◆ **Task prompt**: For this task, output exactly the lines of the material below starting at the line with "Schild über weiße" and ending at the line with "Kenya Paraply Træ Ved Solnedgang Wallpaper"; pictures are to be excluded.
(Exercise materials Opens)
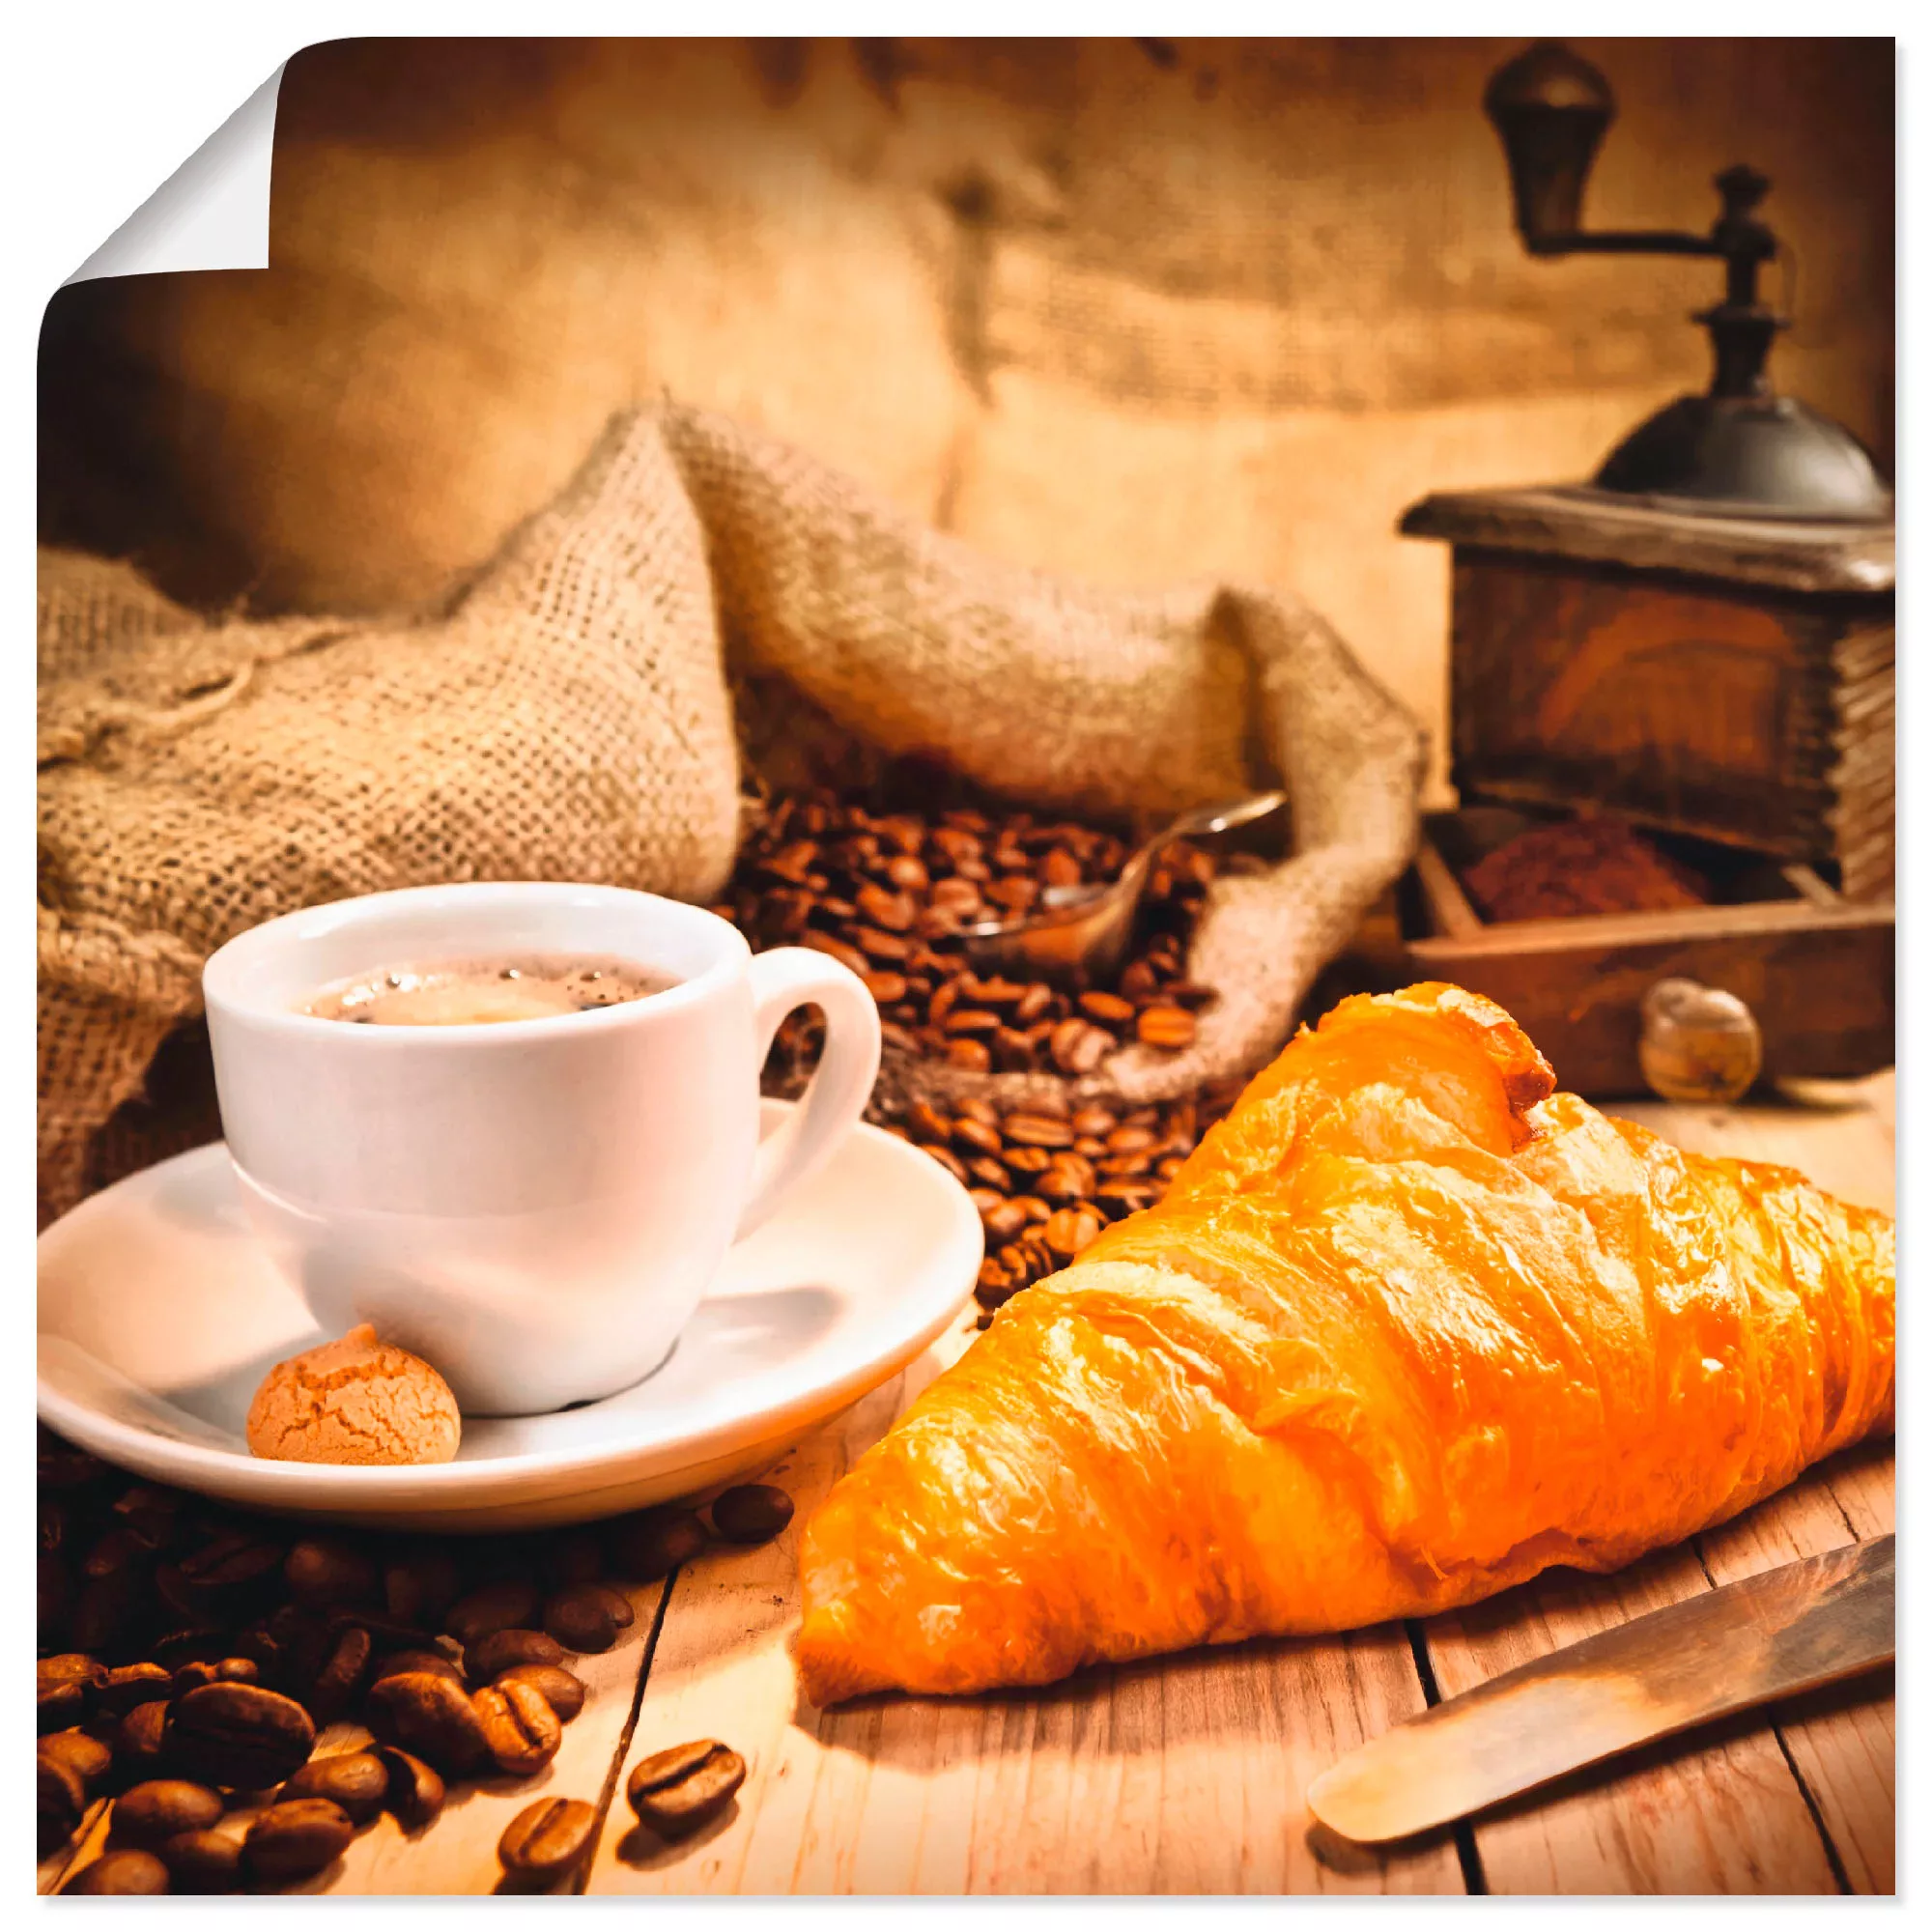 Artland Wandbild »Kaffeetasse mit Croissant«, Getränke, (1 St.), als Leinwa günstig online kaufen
(Exercise materials Closes)
(Exercise materials Opens)
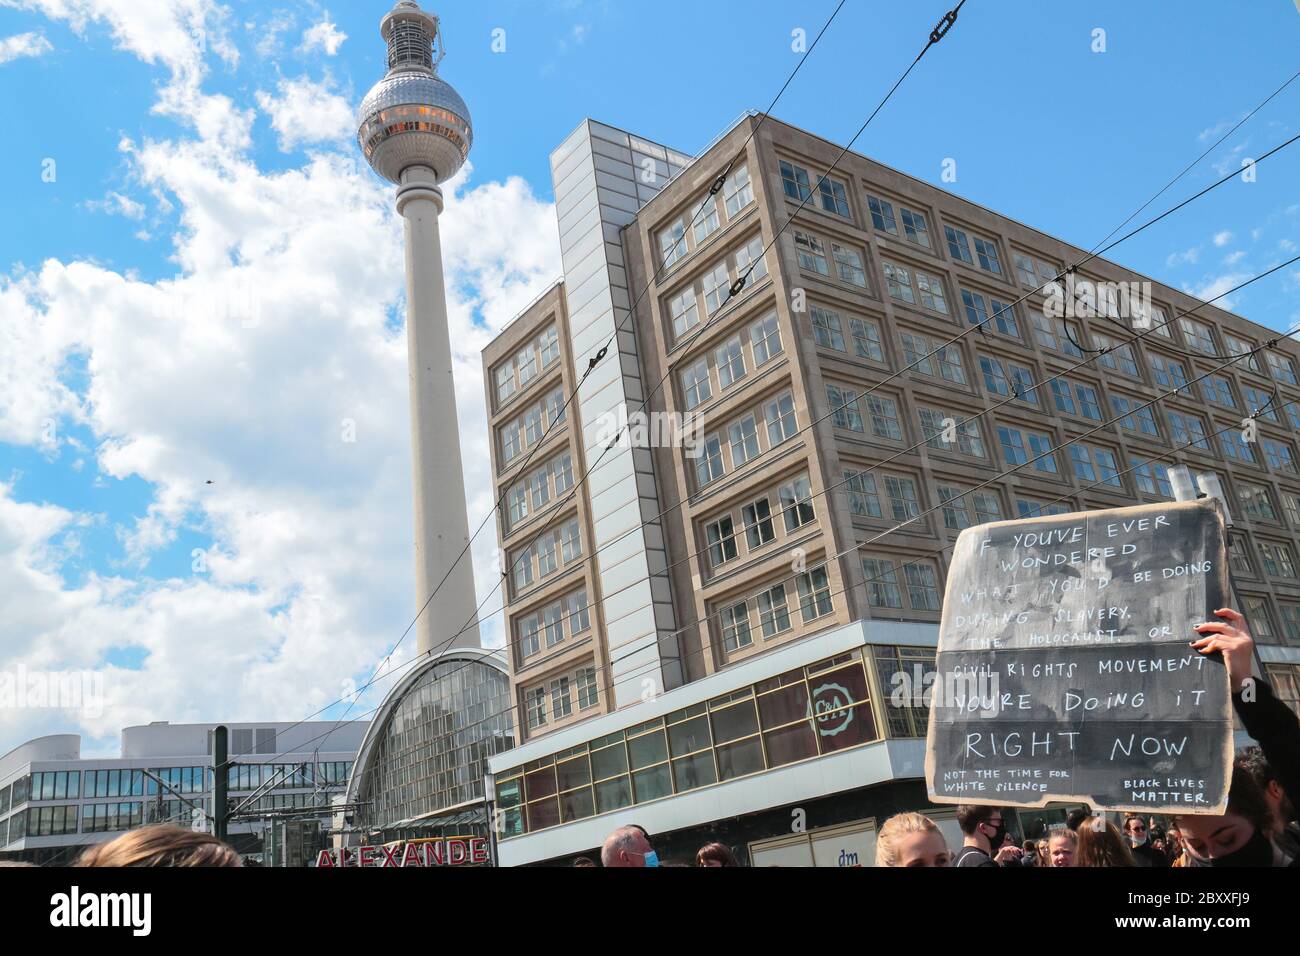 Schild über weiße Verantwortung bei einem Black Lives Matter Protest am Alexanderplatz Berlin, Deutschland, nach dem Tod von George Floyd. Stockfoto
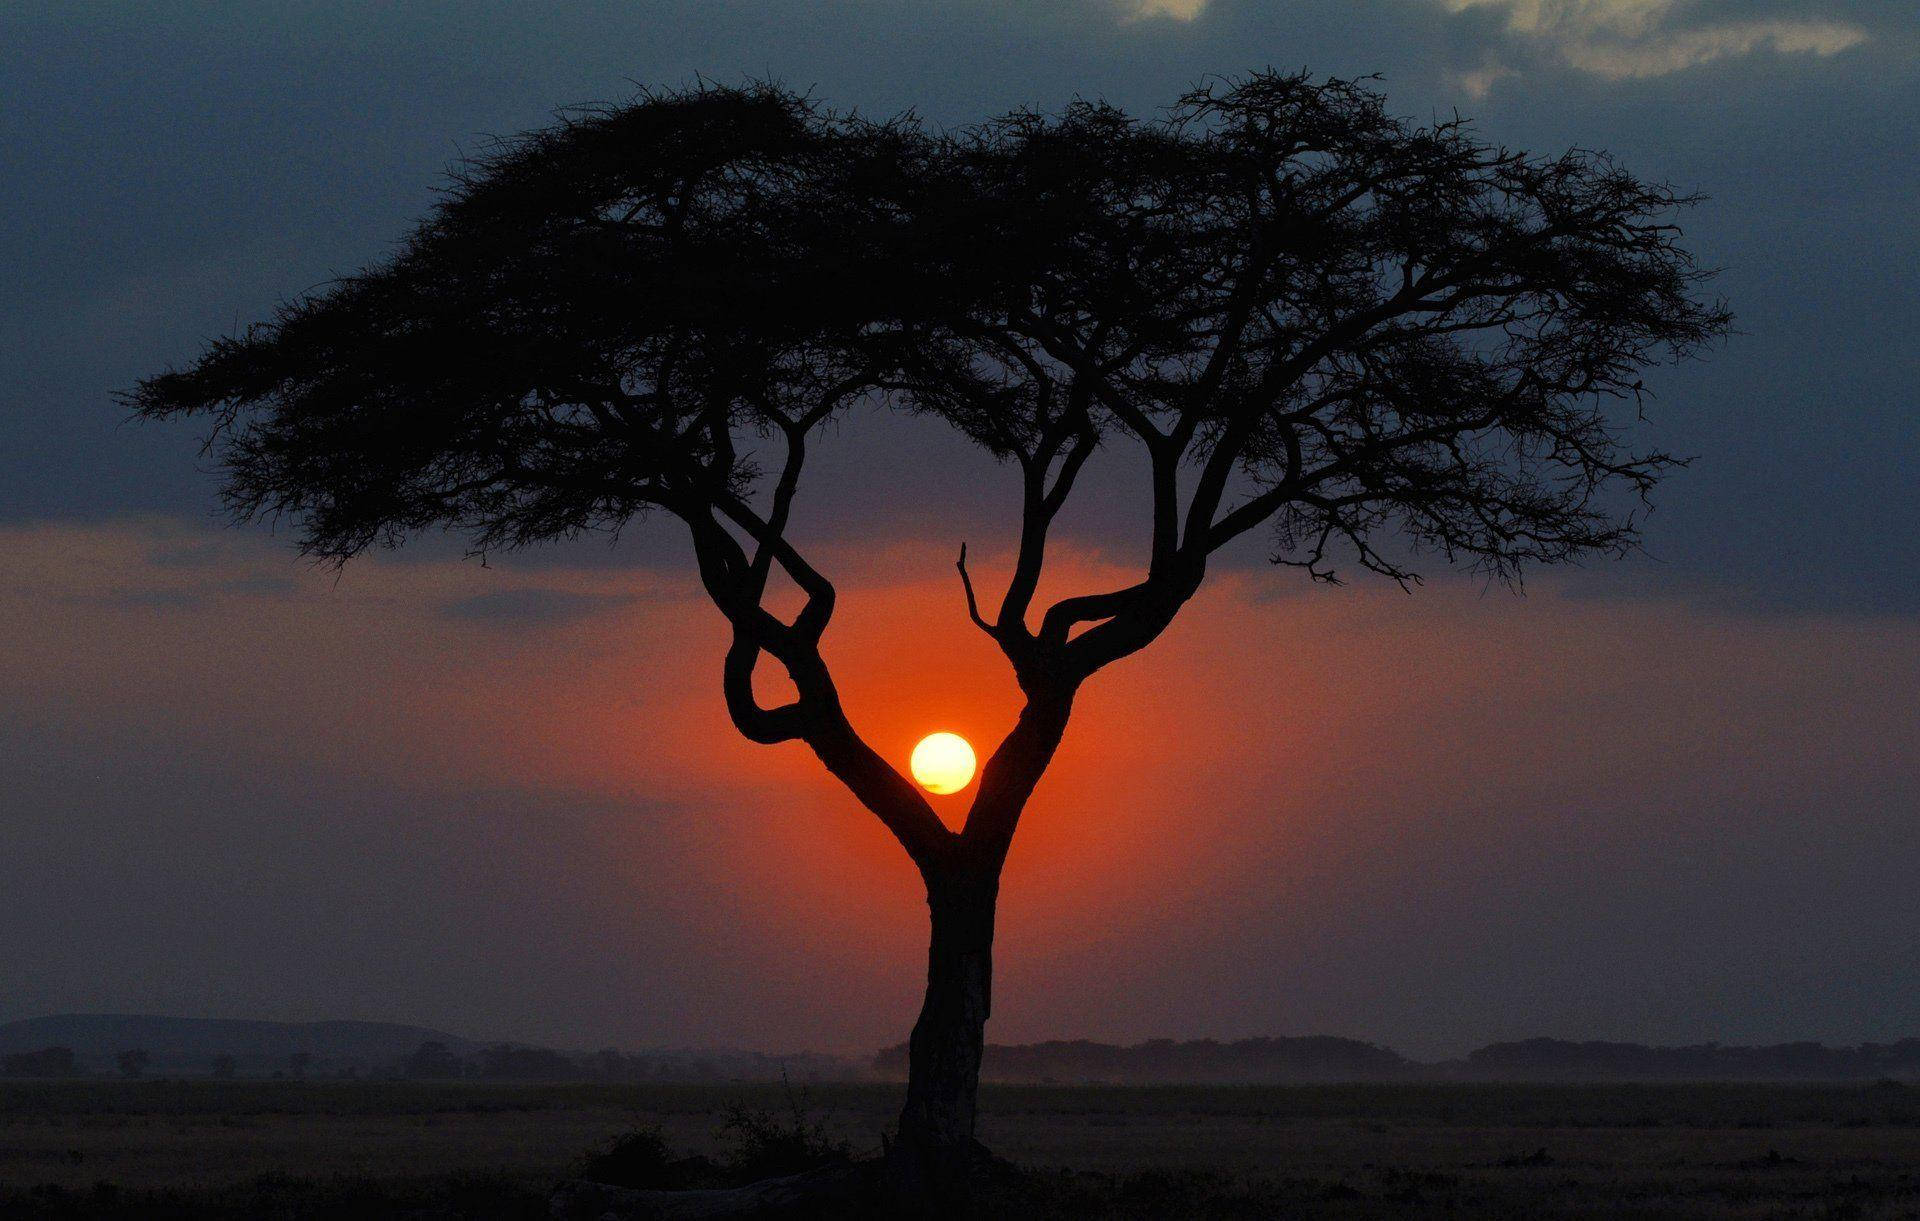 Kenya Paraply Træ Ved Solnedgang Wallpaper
(Exercise materials Closes)
◆ **Expected answer**:
 Schild über weiße Verantwortung bei einem Black Lives Matter Protest am Alexanderplatz Berlin, Deutschland, nach dem Tod von George Floyd. Stockfoto
 Kenya Paraply Træ Ved Solnedgang Wallpaper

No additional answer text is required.